Demek ki eski parlamenter sistemimizin sorunlu olduğu konusunda iktidar da muhalefet de aynı fikirde.

CHP Genel Başkan Yardımcısı Muharrem Erkek, istedikleri yeni sistemi “Kurucu güvensizlik oyu” üzerinden anlatmış.

Görünce eyvah diyebildim sadece.

“Rasyonelleştirilmiş parlamentarizm” öğelerinden biridir bu tanımlama, hükümeti yıkmak için önce yenisini yapmak gerekir mantığından hareket eder.

1949 Alman Anayasası’nda var bu madde. 12 Eylül Anayasası da çok iz taşır rasyonelleştirilmiş parlamentarizminden.

Muhalefeti etkisiz kılan, iktidarı denetlemesini zorlaştıran unsurlarla dolu bir model bu.

Almanya’nın Sesi’nin fikirlerini aldığı CHP, İYİ Parti, HDP, DEVA, Gelecek Partisi temsilcileri “Güçlü Meclis” demişler.

Genel başkanların atamadığı, gerektiğinde genel başkanla da ters düşebilecek güçlü milletvekilliğinden, siyasi partiler yasasından, ön seçimlerden söz etmemiş bir teki bile.

Türkiye’de en büyük sorun, milletvekillerinin, ön seçimle değil atamayla gelmesi değil miydi?

Hatırlayın, Barış Yarkadaş ön seçimden sandıktan birinci çıktı, CHP milletvekili oldu, bir sonraki seçimde Kemal Kılıçdaroğlu son sıradan bile aday göstermedi.

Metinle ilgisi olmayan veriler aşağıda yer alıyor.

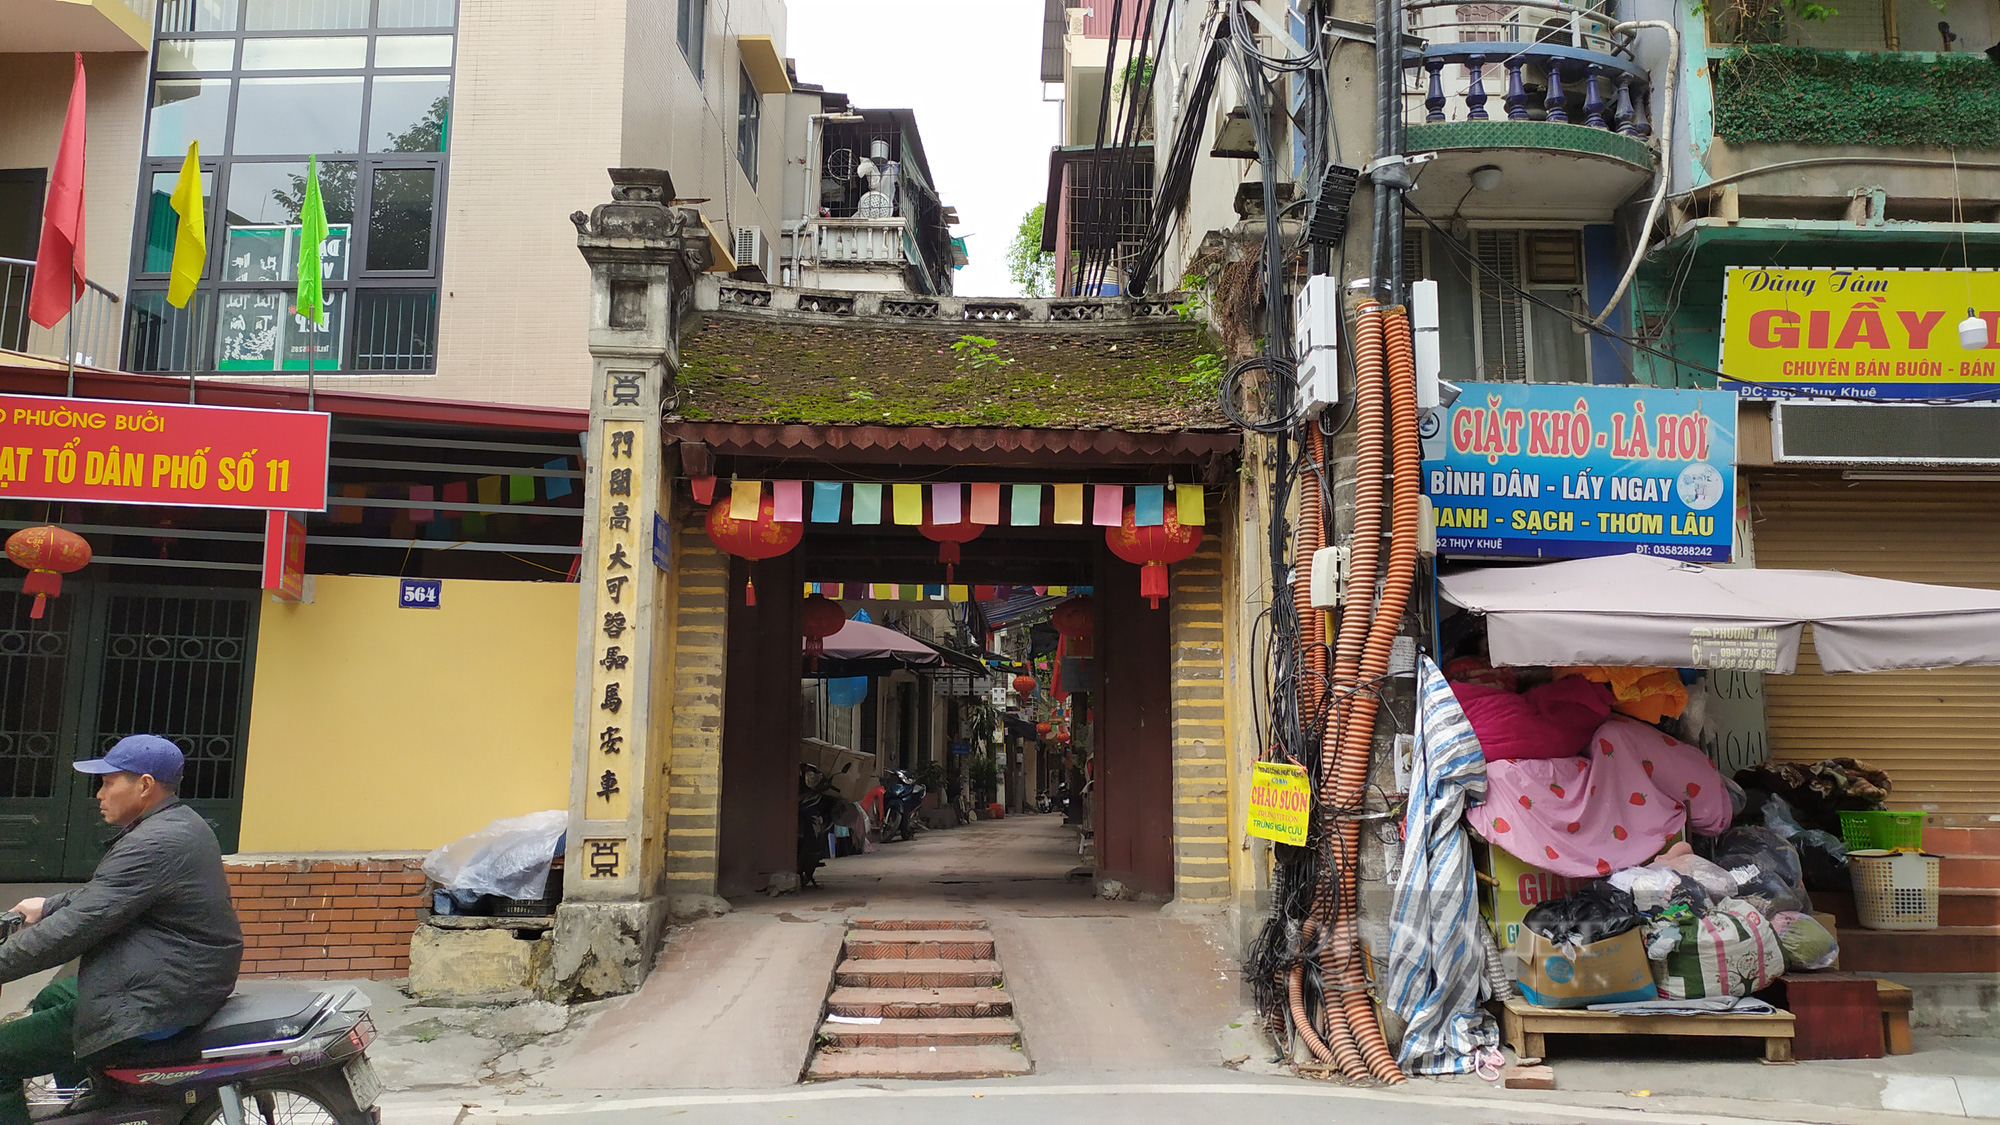 Chuyện về con phố có cổng làng cổ được ví là “đẹp nhất kinh kỳ” ở Hà Nội - Ảnh 1.

Hal bu olunca, sistemin adının ne olduğunun çok bir önemi kalıyor mu?

Milliyetçi Cephe hükümetlerini hatırlar mısınız?

Birincisi, 1975’te erken genel seçime kalmasın diye kuruldu, ortaklar anlaşamadığı için üst düzey bürokrat atamalarının yapılamadığı dönemler oldu.

İşleri yürütecek uzlaşı kültürü gelişmedikçe koalisyon hükümeti kurmayı kolaylaştırmak hangi sorunu çözecek?

Bugün parlamenter sistem için birlikte hareket eden muhalefetten bir kabine çıkarmaya çalışsak mesela...

Milli Savunma Bakanlığı ve Suriye-Kuzey Irak operasyonlarında HDP ile İYİ Parti anlaşabilir mi?

Davutoğlu, partisi için Dışişleri’ni isterse ne olur?

FETÖ ile mücadelede kritik olan Adalet ve İçişleri bakanlıkları nasıl dağılır?

Bu sorular, mevcut sistemi daha işler hale getirmeyi ya da yeni bir sistemi tartışmayalım diye sorulmadı.

Hareket noktası daha fazla demokrasi olmayan, genel başkanların milletvekili atamasına dokunmayan, hükümetlerin Meclis’te yıkılmasını zorlaştırmaya yarayan rasyonelleştirilmiş parlamentarizm yolundan giderek varacağımız yer neresi olur, onu çok iyi düşünelim diye soruldu.